My PhD advisor is not being supportive at all.

V

My phd advisor is not being supportive enough. I am in my 4th year of my phd and planning to wrap up in 4-5 months (only if everything goes as planned and things work in my favour). My research and dissertation is the last thing on my advisor’s to-do list. And I am growing extremely frustrated about this. I do not know how to handle this situation. First she is never around. Only time she is available in her office is when she has a class. She even skips her office hours allotted for students. She does not respond to my emails, calls, text messages. So only way for me to get hold of her to look for her when she has a class. I have to wait outside her door.

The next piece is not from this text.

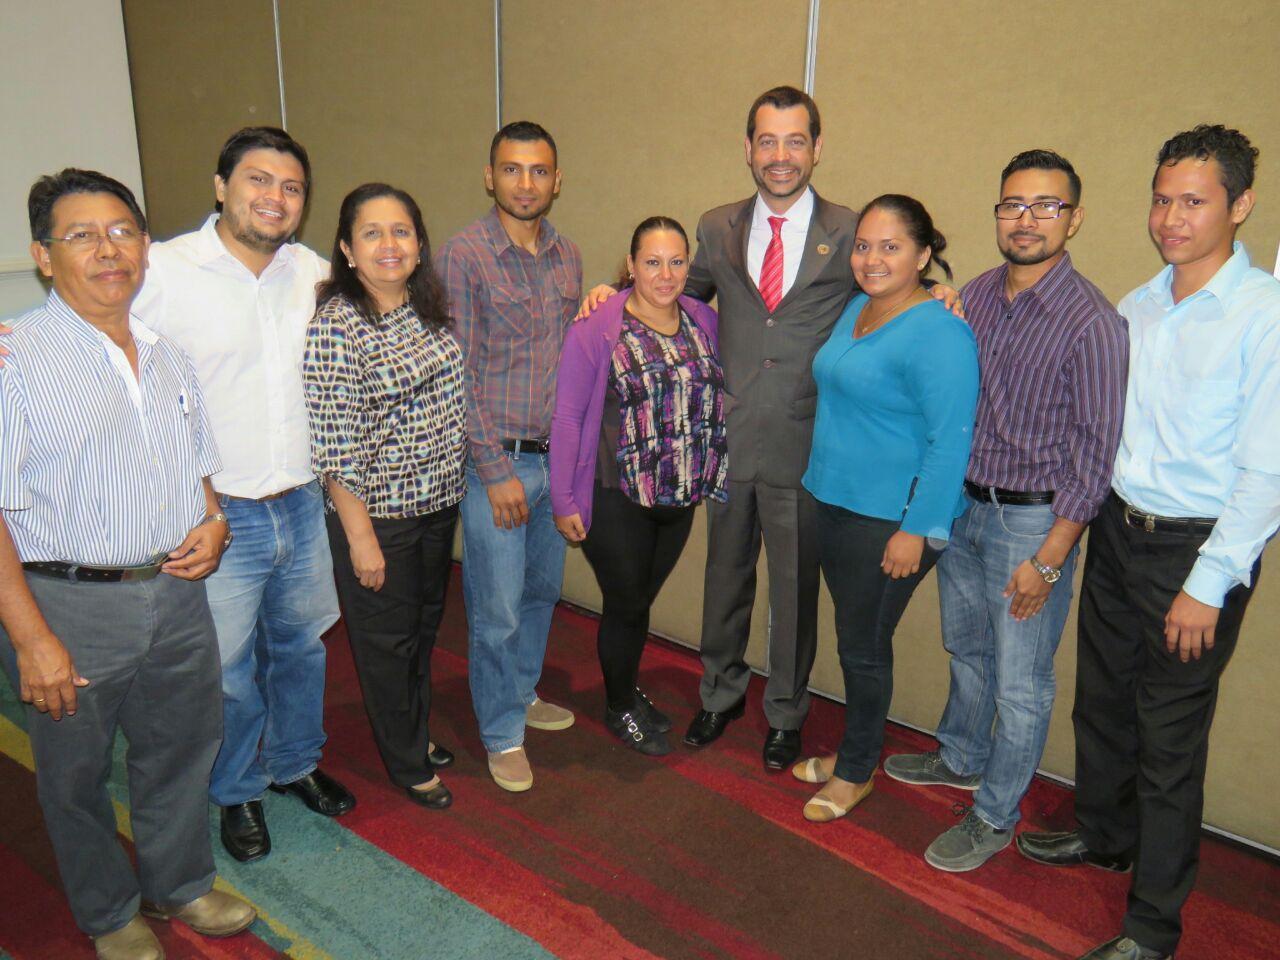 Mundubat y FIDA en El Salvador

And when I see her during this time, she tells that she is extremely busy and cannot talk. Then I ask for a meeting time to discuss about my phd dissertation. Every single time she has been late to these meetings. And sometimes she has skipped the meetings totally without informing why she is not showing up. I really want go into her office and scream that I am not able to handle this anymore. But I have been as diplomatic as possible. When I send her some writeup, she takes weeks to review it. On an average it has taken at least 3 weeks to one month to receive her feedback on something. Its not that she has like 10 other students. I am her only PhD students and she has one other master’s student (he has the same complaint too). I some time think to quit and start working. I have reached a point that I want to be done with all this and move on. But I have invested so much time in this that I do not want to lose this. But I feel extremely helpless and at her mercy. Does anybody have any suggestions, recommendations for me? I am growing frustrated with my situation. I have a job in had from my previous internship and want to go and join. But I am stuck here, helpless.

T

This is a difficult, but unfortunately not uncommon, situation to be in.

Firstly you need to try to book another meeting with her and tell her, face to face, honestly, that you need more support. If you've done this already, or if this doesn't work, then you need to write it down formerly in an email. If that doesn't change anything, then you need to go to the head of graduate studies, or staff involved in pastoral care, and ask for some assistance.

(Ps 3-4 weeks to review work is fairly reasonable, but the rest is unacceptable.)

Good luck and I hope you can resolve this. You've come too far with your PhD to give up now.

L

Hi,

Sorry to hear you're having trouble with your supervisor. Do you only have one supervisor? Do you not have a team? Most institutions have supervisory teams of at least 3 to avoid scenarios like this. That should be your first port of call.

Is there someone you can talk to in your department like a Head of School/pastoral tutor? Or even a graduate school administration member? This behaviour is not acceptable and you really need all the support you can get this close to the end. Try and find out who there is in your institution who can give you the support you need.

W

Everything you describe in your post sounds fairly normal to me. Professors not being around and not answering their e-mails is about the most common thing in academia. Several weeks to get comments on a writeup? I know cases where it took more than a year.

The same is true for supervisors not being "supportive enough". A large portion of PhDs result from students essentially working by themselves with little or no supervision or support from anybody.

Curiously, you entirely fail to mention in your post what the status of your research is. I would say this is the most important aspect. Do you have results? Publications? A convincing argument to make and presentable conclusions? Only when and if your supervisor is happy with those aspects, she will give her OK for you to wrap up.

Frankly, your post sounds a little like you are trying to impose your personal timeline on your supervisor, no matter what the state of your work is. I can tell you that in the history of academia, this has worked exactly 0 times.

Finally, at the end you say that you would really like to quit and take a job elsewhere. You should realize that this is a decision you have to make independently from how your PhD is going. If you want to quit, quit. If you want to finish your PhD, finish your PhD, which realistically might take you another year or two. Make up your mind - and then live with the consequences either way.